Jakarta (ANTARA News) - Pemerintah menilai pemohon uji materi Undang-Undang Nomor 1 Tahun 1946 tentang Peraturan Hukum Pidana (KUHP) telah memaknai kata "makar" secara sederhana.
"Pemohon hanya memaknai secara sederhana dan tidak dimaknai sebagai norma hukum," ujar Staf Kementerian Hukum dan HAM Bidang Hubungan Antarlembaga Agus Haryadi di Gedung Mahkamah Konstitusi Jakarta, Rabu, mewakili pemerintah yang memberikan keterangan dalam sidang uji materi Undang-Undang Nomor 1 Tahun 1946 tentang Peraturan Hukum Pidana (KUHP), terkait dengan ketentuan makar.
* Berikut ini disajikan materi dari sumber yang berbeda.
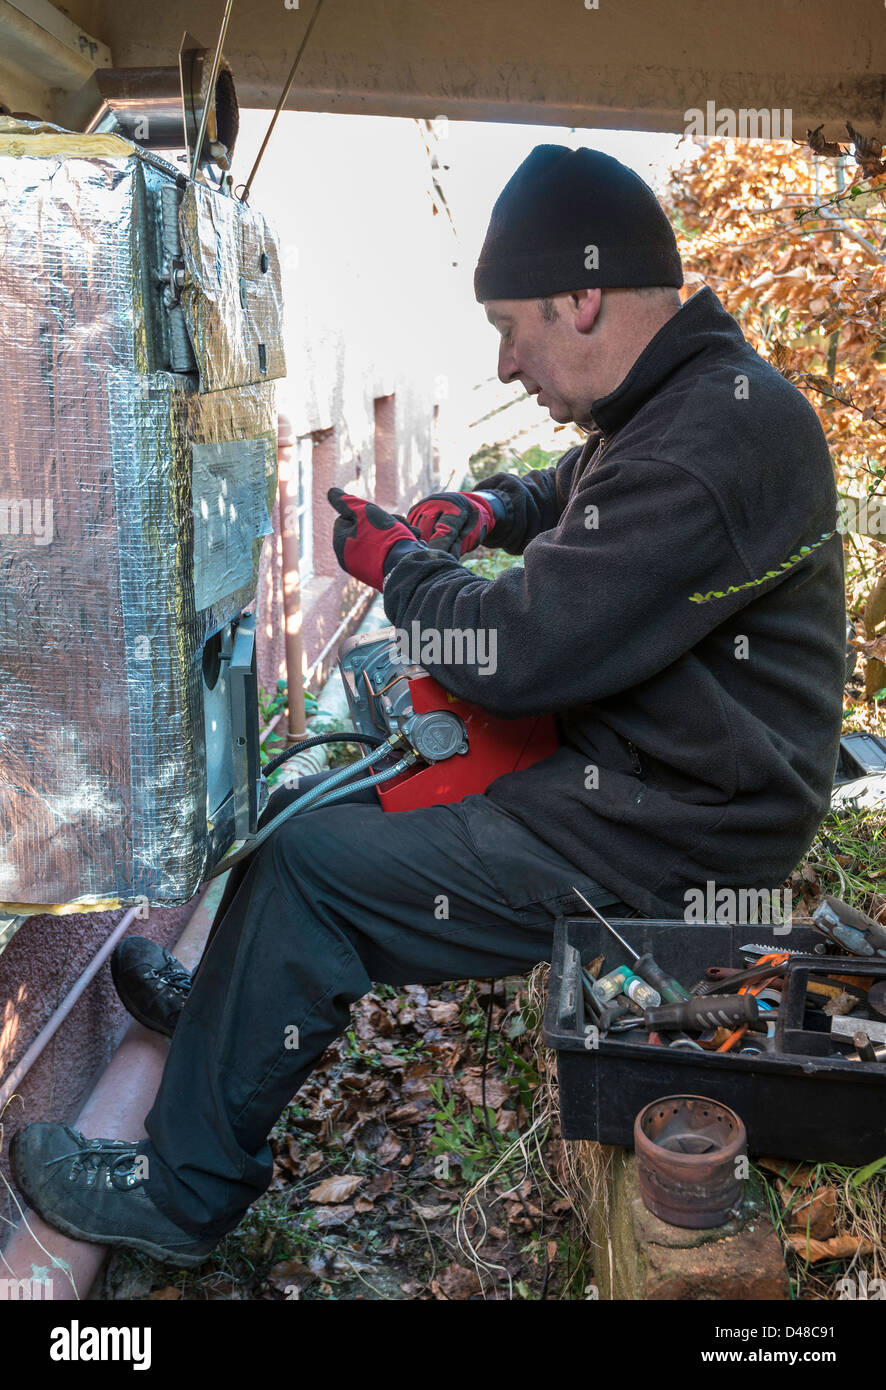 SERVICE ENGINEER SERVICING CENTRAL HEATING OIL-FIRED BOILER IN GARDEN UK, Stock Photo

Agus menilai pemohon hanya memaknai kata makar sesuai makna kata dari bahasa Belanda, yakni aanslag yang artinya serangan.
"Pemaknaan makar secara sederhana dapat dipahami oleh siapa pun dan dapat digunakan secara umum sesuai kebutuhan secara bahasa, tetapi tidak mempunyai kekuatan hukum yang mengikat," jelas Agus.
Sebaliknya, makna kata "makar "dalam norma hukum, sebut Agus, diarahkan menjadi makna yang mengikat sesuai kebutuhan yang akan difungsikan untuk sebuah tujuan.
"Norma hukum merupakan aturan yang dibuat dengan tegas dapat melarang serta memaksa orang untuk dapat berperilaku sesuai dengan keinginan pembuat peraturan, sehingga norma hukum mempunyai tujuan," jelas Agus.
Pemohon dari uji materi ini adalah Pengurus Institute for Criminal Justice Reform (ICJR) Syahrial Wiriawan Martanto bersama rekan-rekannya.
Pemohon mengungkapkan ketidakjelasan definisi kata "makar "dalam KUHP yang merupakan terjemahan dari kata "aanslag".
Menurut pemohon, "makar" bukan bahasa Indonesia yang dipahami, melainkan dari bahasa Arab, sementara "aanslag" artinya serangan, sehingga dalam KUHP tidak ada yang jelas untuk makna kata "makar".